Die Jury beurteilt nicht nur das Design als Gesamtansatz unter Einbeziehung von Ästhetik, nutzergerechte Funktionalität, ökonomische und ökologische Konstruktionen, gegebenenfalls um das Zusammenspiel von Produkt und Verpackung, sondern prüft alle Phasen des Lebenszyklus – vom Konzept und Vorproduktion über Produktion und Distribution bis hin zu Nutzung und Nachnutzung. Die Qualität der Kommunikation mit dem Konsumenten über die Nachhaltigkeit wird ebenso berücksichtigt wie die Relevanz und der Grad der Innovation samt Business Modell. Verwendete Materialien, Produktionsbedingungen, die Qualität der Ausarbeitung, die Art der Umsetzung und das Veränderungs-Potential für Umwelt werden genau unter die Lupe genommen.

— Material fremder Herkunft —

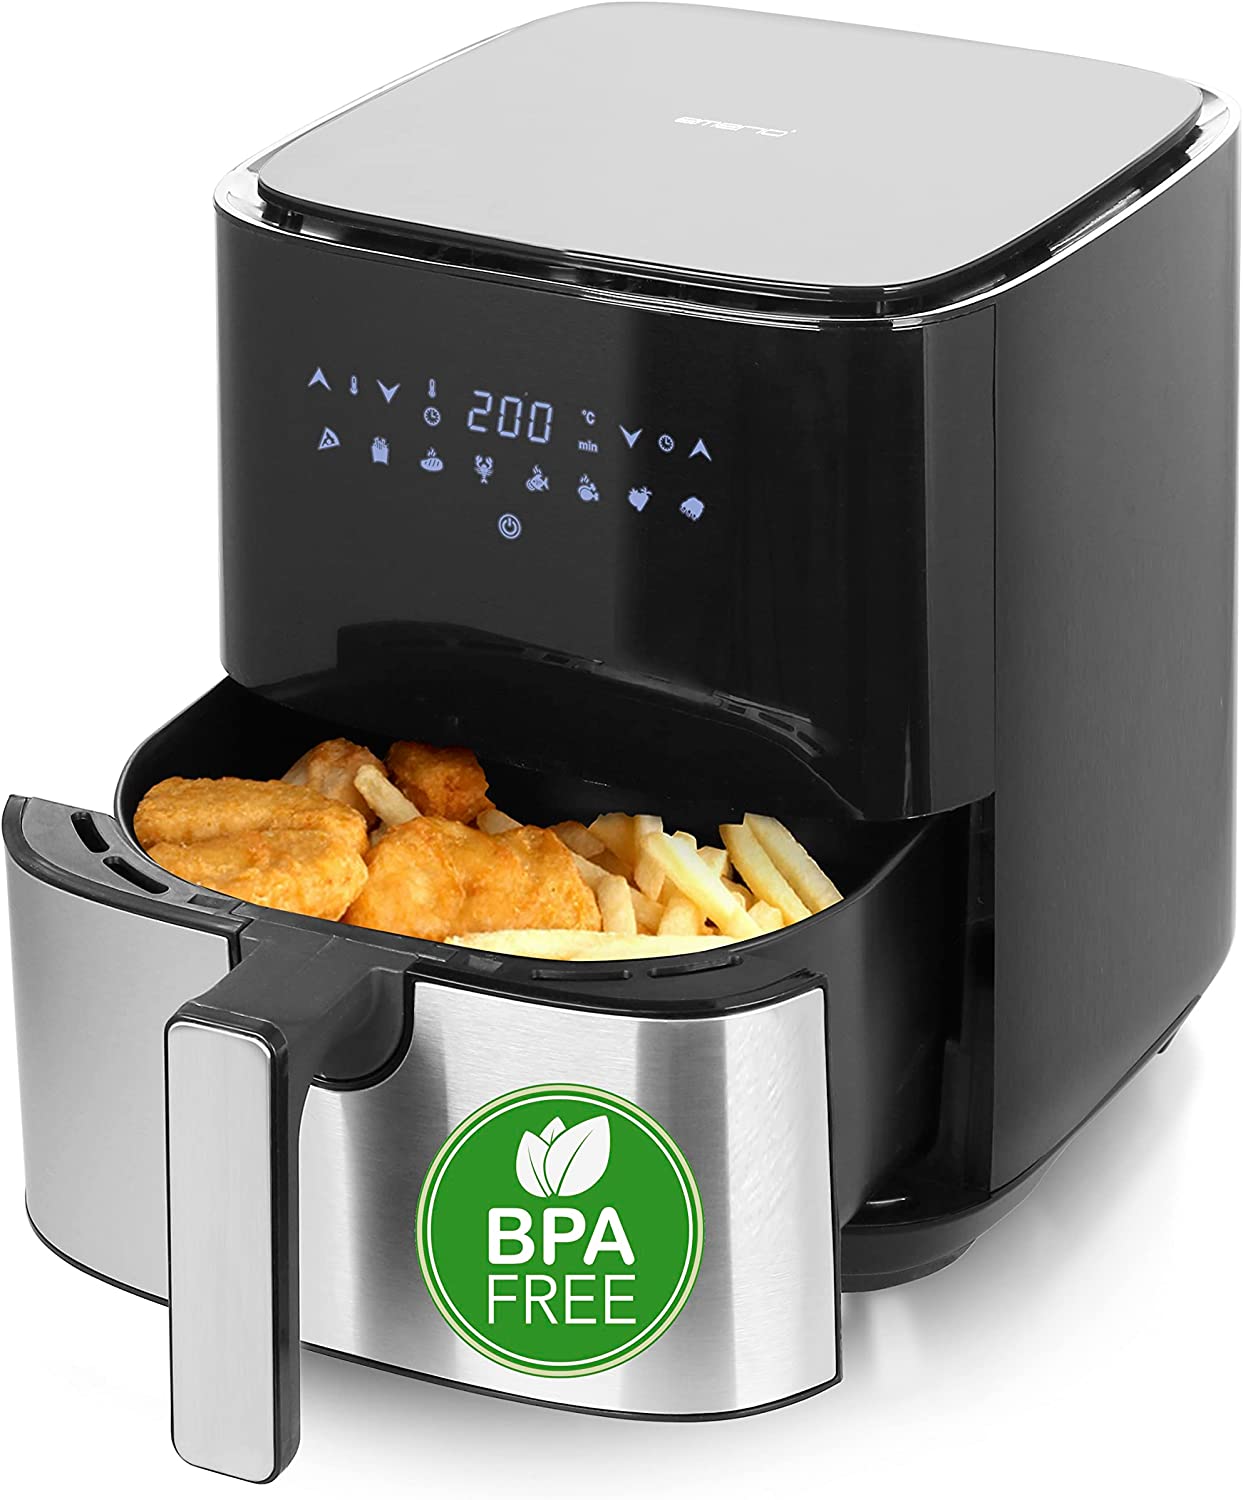 Emerio AF-126323 Hot Air Fry, 5.0 L Volume for the Whole Family, Stainless Steel, 1450 Watt, BPA-Free, Digital, 8 Automatic Programs Black

Nicht zuletzt spielen auch die Originalität, die Reproduzierbarkeit sowie die Glaubwürdigkeit eine wesentliche Rolle.

 


Preisträger des Green Product Award 2021: Das erst im November 2020 gegründete Unternehmen Pretty Plastic stellt Fliesen aus Post-Consumer-PVC her, mit einer Methode, die die Produktion von neuem Plastik vermeidet und ohne chemische Zusätze auskommt. © Pretty Plastic

 

Diese, aber auch viele andere Initiativen sind wertvolle gesellschaftliche Beiträge, den kommenden Herausforderungen entschieden entgegenzutreten. Dank der mutigen Initiatoren und Initiativen, die sich in Anbetracht der besorgniserregenden Lage nicht geschlagen geben wollen, öffnet sich ein Fenster der Hoffnung, wenigstens in einigen Bereichen, die jedoch jeder für sich wichtig sind, etwas tun und vielleicht sogar wieder gut machen zu können.